Course : Applied Biomedical Signal Processing

Teachers: Dr. Mathieu Lemay (responsible), Dr. Philippe Renevey, Dr. João Jorge, Dr. Martin Proença, Dr. Adrian Luca, Dr. Guillaume Bonnier, Dr. Fabian Braun, Dr. Ramin Soltani, Ms. Clémentine Aguet

Assistants: Cristina Sainz Martínez, Loïc Jeanningros, Pierre-Louis Gaudillière, Yamane El-Zein

Course description
The goal of this course is twofold: (1) to introduce physiological basis, signal acquisition solutions (sensors) and state-of-the-art signal processing techniques, and (2) to propose concrete examples of applications for vital sign monitoring and diagnosis purposes.

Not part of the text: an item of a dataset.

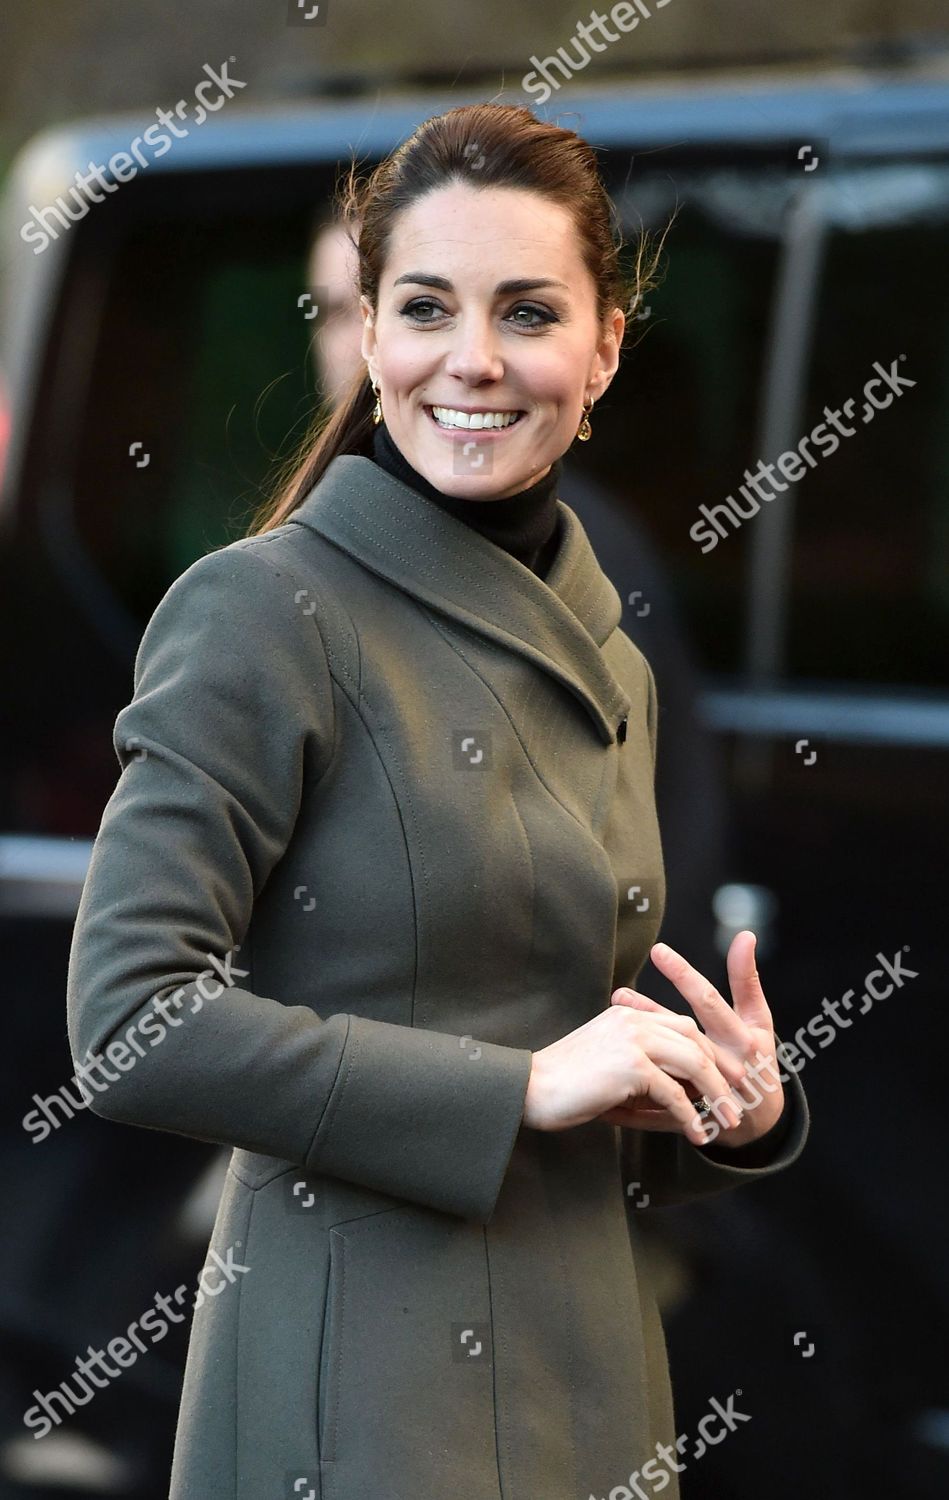 prince-william-and-catherine-duchess-of-cambridge-visit-to-wales-britain-shutterstock-editorial-5407490ap.jpg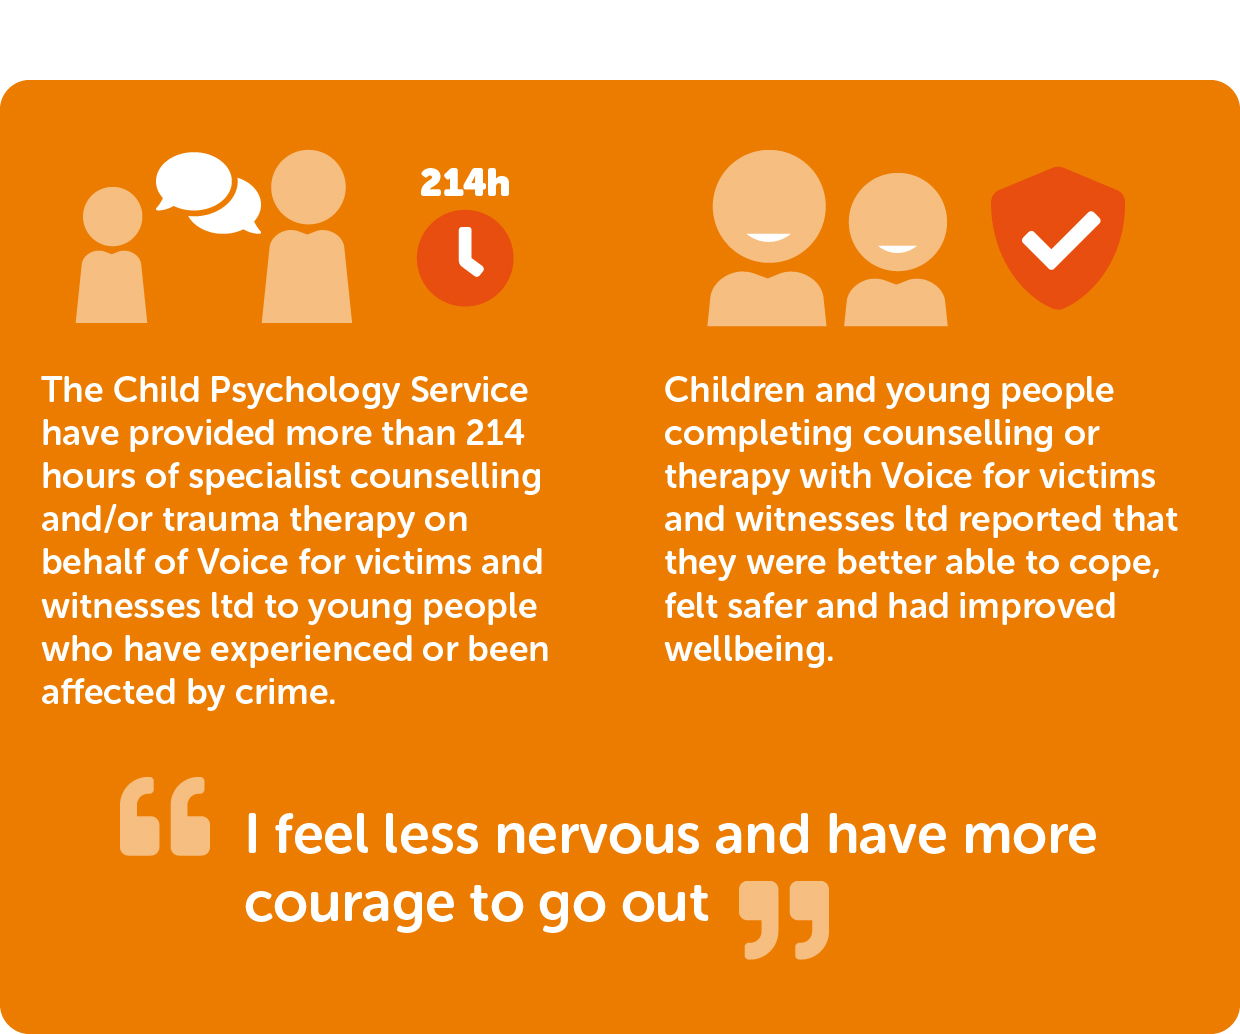 The Child Psychology Service have provided more than 214 hours of specialist counselling and/or trauma therapy on behalf of Voice for victims and witnesses ltd to young people who have experienced or been affected by crime. Children and young people completing counselling or therapy with Voice for victims and witnesses ltd reported that they were better able to cope, felt safer and had improved wellbeing. “I feel less nervous and have more courage to go out”

The main signal processing topics presented will be:

  • Basics on continuous and discrete time Fourier transform
  • Linear filter deisgn
  • Stochastic signals and filtering
  • Power spectral density
  • Autoregressive, Moving average and ARMA signal modeling
  • Basic concpets of time frequency analysis
  • Time frequency distributions
  • Instantaneous frequency
  • Adaptive filter frequency tracking
  • Singular value decomposition
  • Principal component analysis
  • Linear/non-linear regression
  • Classification and feature selection
  • Perceptron, MLP & activation function
  • Gradient descent and backpropagation
  • CNN & RNN

As the course content may evolve over time, the agenda is on a short-term basis.

This course comprises weekly exercise or computer lab sessions. All courses and exercise sessions take place in room INF213, including lab sessions from 17h to 19h. The lab sessions will be computer lab ones, during which experimental biomedical signals will be investigated, with groups of two-to-three students allowed. Students should handle them 7 days after the session at the latest. The corrections will be handled back one week later.

N.B. The date, time and location of the final exam need to be confirmed. All printed/written documents will be allowed, laptops and phones prohibited.